[Records shown]
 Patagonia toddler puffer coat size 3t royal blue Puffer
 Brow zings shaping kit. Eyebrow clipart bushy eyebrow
* * *
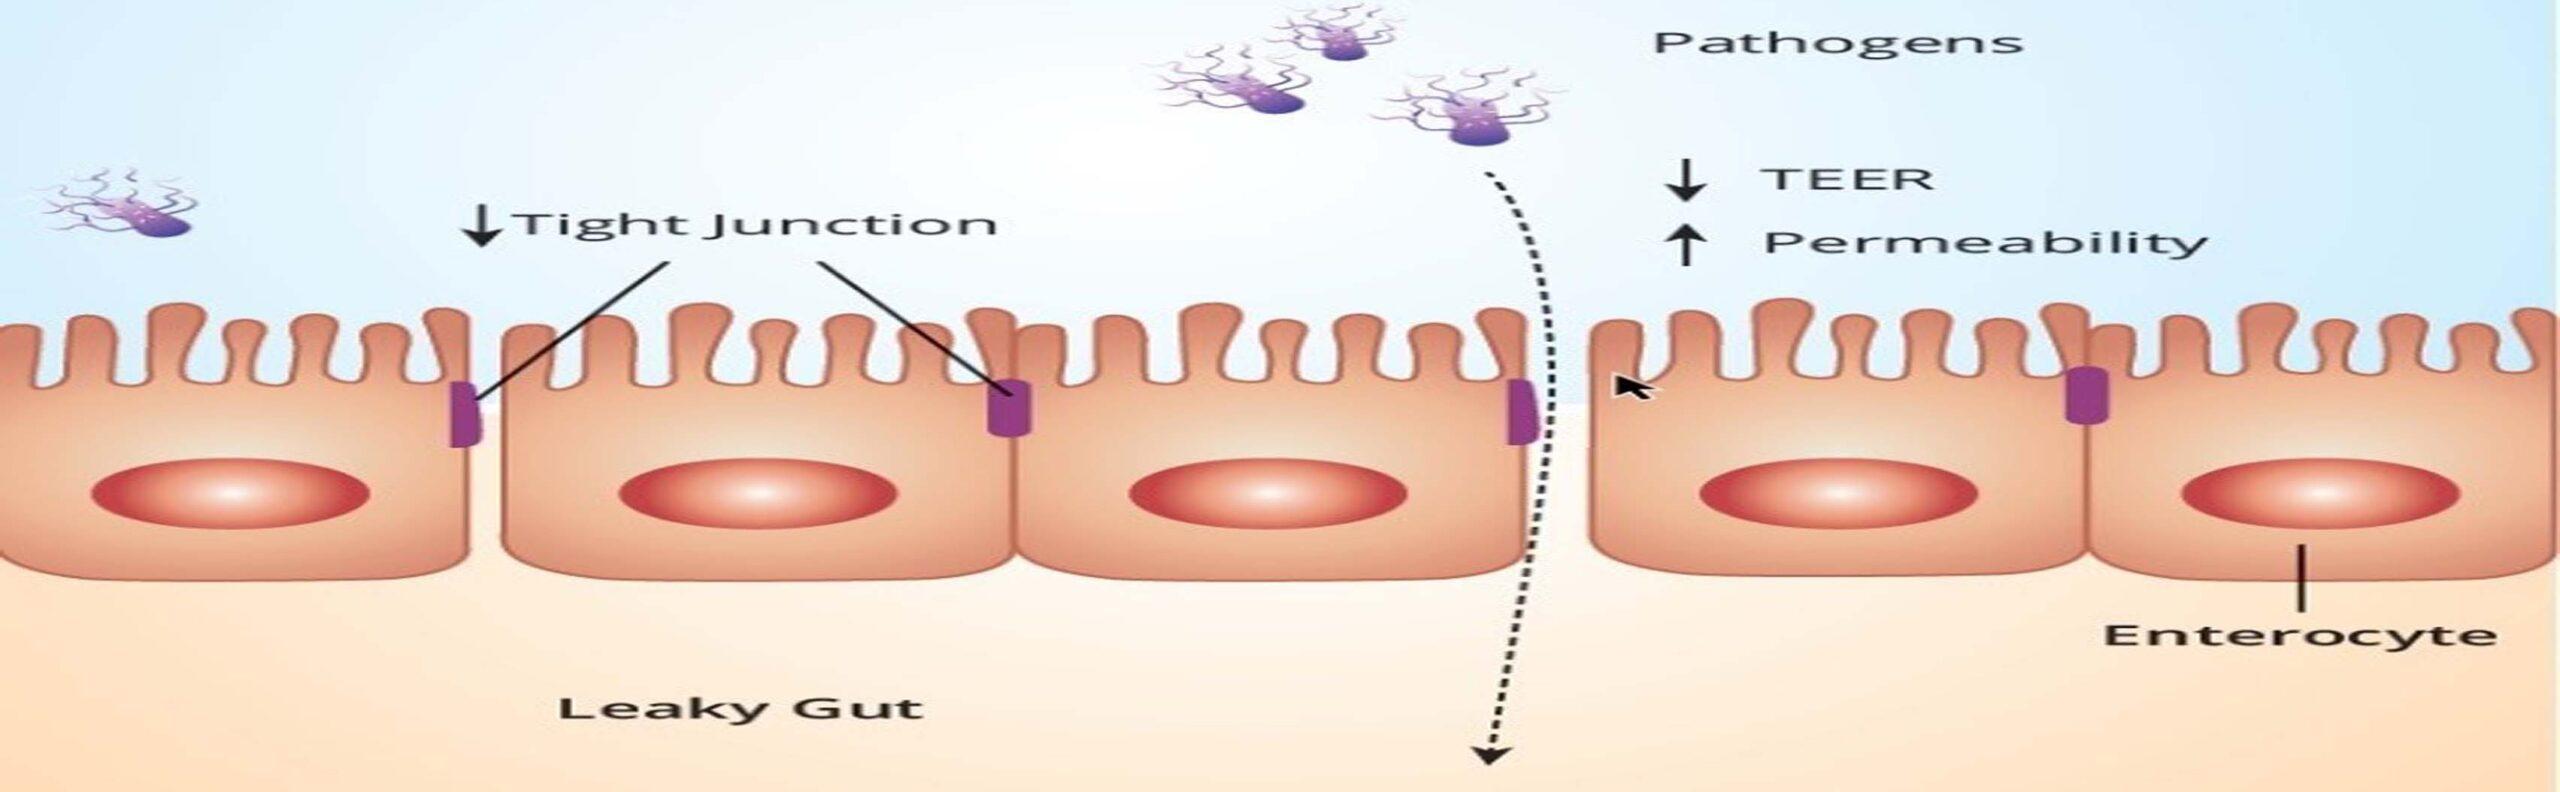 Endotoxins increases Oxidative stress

[Exercise description] Wherever the line holding "Patagonia toddler puffer" falls in the entries above, copy exactly from it through the line holding "Brow zings shaping", inclusive, and add nothing.

[Reply to the exercise]
 Patagonia toddler puffer coat size 3t royal blue Puffer
 Brow zings shaping kit. Eyebrow clipart bushy eyebrow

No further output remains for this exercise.